A Non-programming Example

Consider the control of hand motion by the brain. Nerves conduct impulses from the brain to muscles, controlling their contraction, and sensing their position. A muscle contracts or relaxes, performing forces on points of the bone structure, modifying its position. However, a coordinated movement is only the result of the simultaneous and ordered contraction or relaxation of several muscles, each one returning information of its position through nerves to the brain. A simple or complex movement is achieved as a result of a request from the brain, triggering several nerves to contract or relax muscles, which at the same time return feedback signals until the bone has a precise position. The hierarchy of nervous, muscular and bone tissues accomplishes the motion of any part of the body.

A Programming Example

Suppose a computer-controlled industrial robot system, which consists of several arms with hands [Fro96,PLoP94]. Each hand grabs or releases objects, and each arm moves its hand around. The structure of the robot program is presented as a hierarchy (Figure 4).

Figure 4. A robot system program hierarchy.

In order to manufacture an article, the robot communicates with its hands and arms, activating them and causing them to carry out a set of physical tasks and movements. When a physical hand completes its grab or release operation, the hand sends a message back to its associated arm. Now, the arm knows that it is safe to start moving the physical arm. Similarly, an arm sends back messages to the robot when it has completed its move operation. Arms act simultaneously, until they have manufactured an article.

Problem

It is necessary to perform a computation repeatedly, composed of a series of ordered operations on a set of ordered data. Not every problem meets this criterion. Consider a program whose output may be the result of just a single complex computation as a series of conceptually ordered simple operations, executed not for value but for effect, at different levels. An operation at a high level requires the execution of one or more operations at lower levels. If this program is carried out serially, it could be viewed as a chain of subroutine calls, evaluated one after another. Generally, performance as execution time is the feature of interest.

Forces

From the problem description and other additional considerations of granularity and load balance in parallel design [Fos94, CT92], the following forces should be considered for the Parallel Hierarchies pattern:

Solution

Parallelism is introduced by allowing the simultaneous execution of more than one instance per layer through time. In a Layer pattern system, when an operation triggers an operation, this may involve the execution of operations in several layers. These operations are usually triggered by a function call, and data is shared in the form of arguments for these function calls. During the execution of operations in each layer, usually the higher layers have to wait for a result from lower layers. However, if each layer is represented by more than one component, they can be executed in parallel and service new requests. Therefore, at the same time, several ordered sets of operations can be carried out by the same system. Several computations can be overlapped in time[POSA96, Shaw95].

Structure

This pattern is composed of conceptually-independent entities, ordered in the shape of hierarchies of layers. Each layer, as an implicit different level of abstraction, is composed of several components that perform the same operation. To communicate, layers use function calls, referring to each other as elements of some composed structure. The same computation is performed by different groups of functionally related components. Components simultaneously exist and process during the execution time (Figure 5).

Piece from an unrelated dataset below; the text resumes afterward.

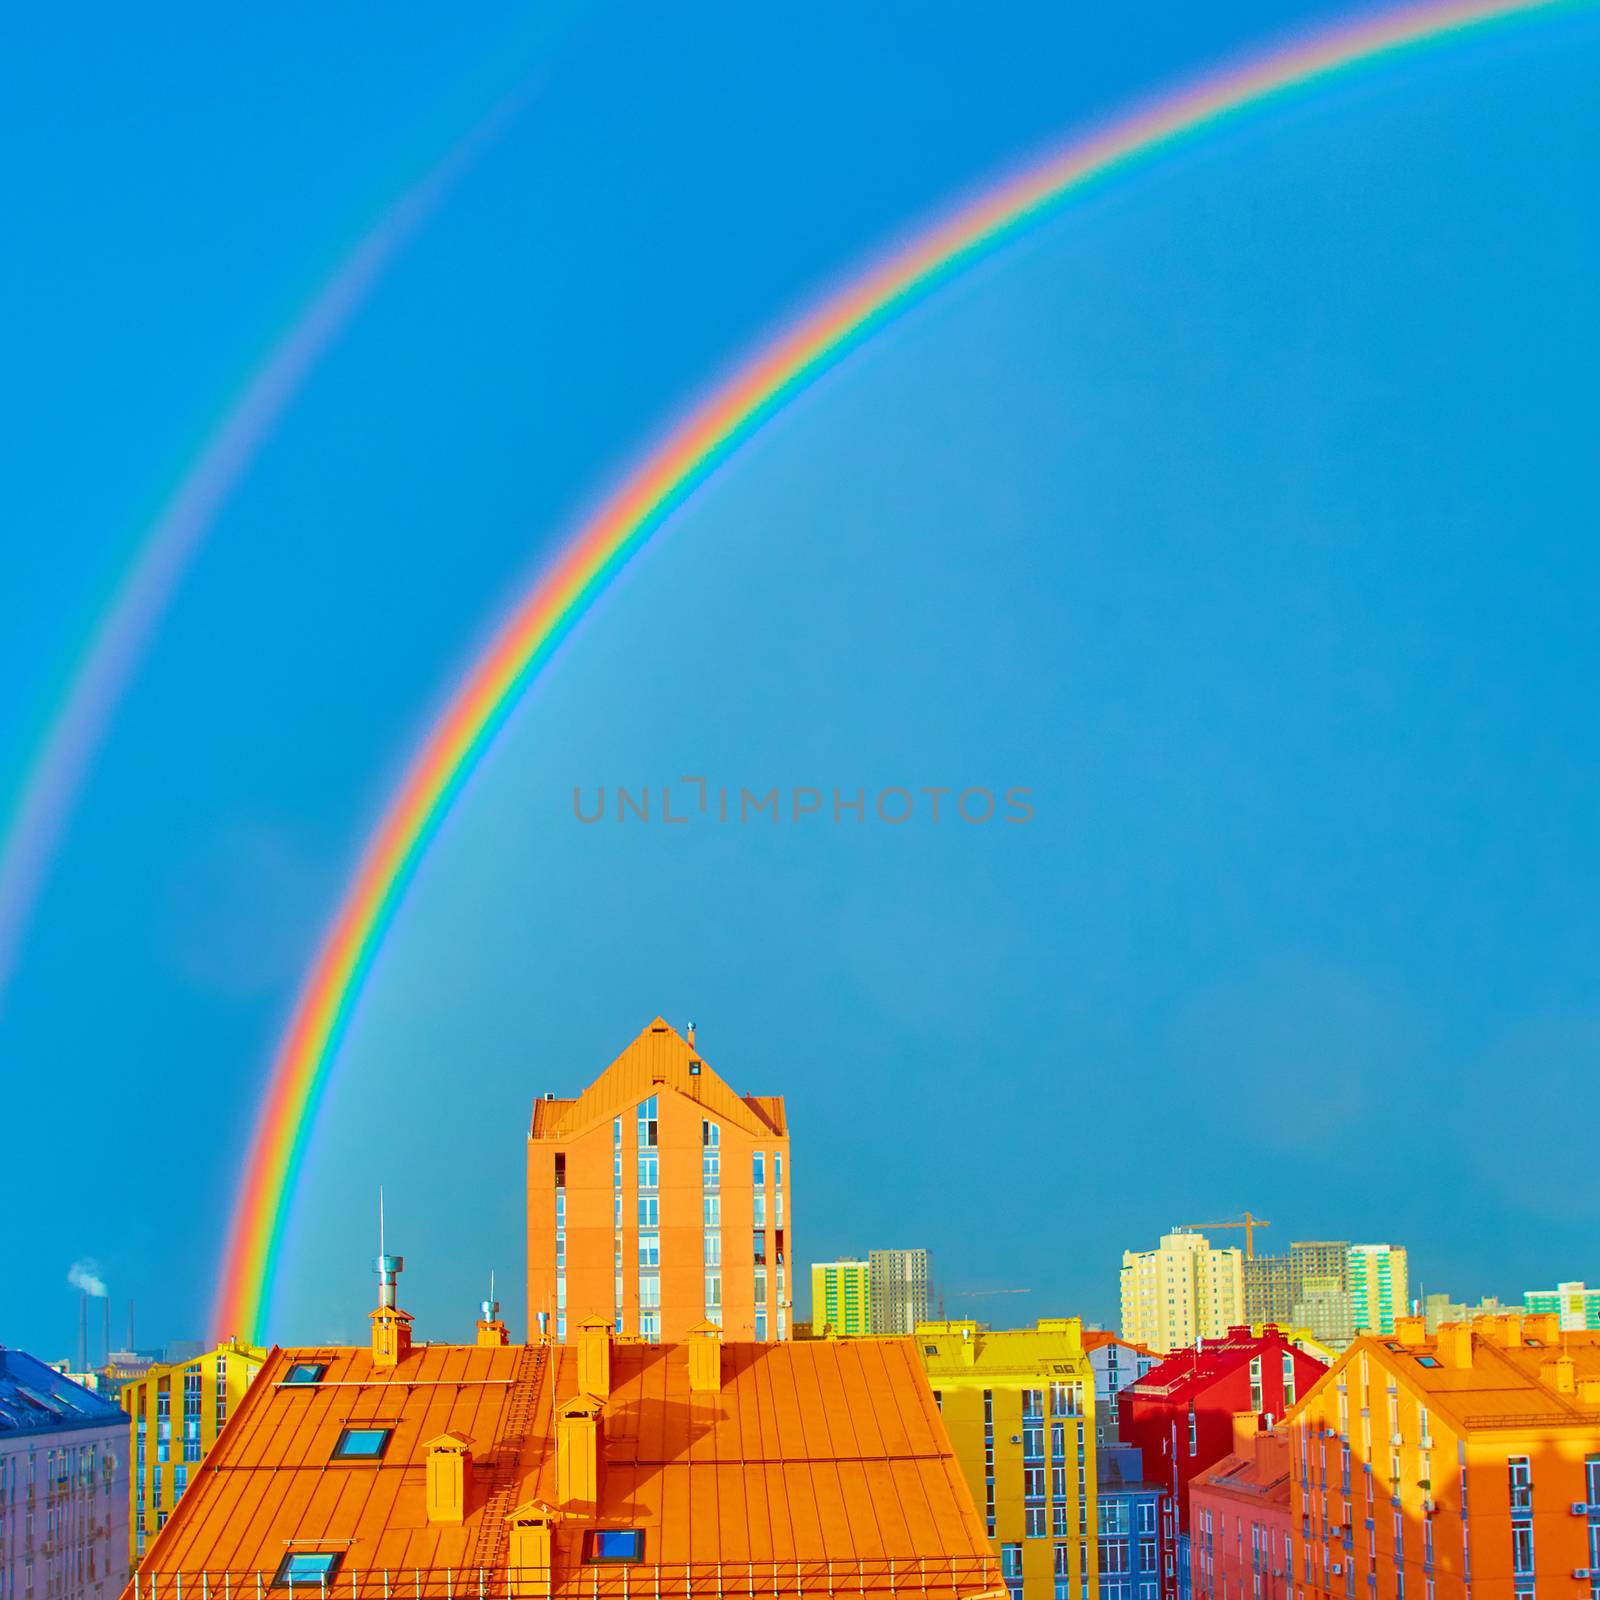 Double rainbow over bright colored houses. Kiev city

Figure 5. Parallel Hierarchies pattern.

Participants

Dynamics

As the parallel execution of layer elements is allowed, a typical scenario is proposed to describe its basic run-time behaviour. All layer elements are active at the same time, accepting function calls, operating, and returning or sending another function call to elements in lower level layers. If a new function call arrives from the client, a free element of the first layer takes it and starts a new computation.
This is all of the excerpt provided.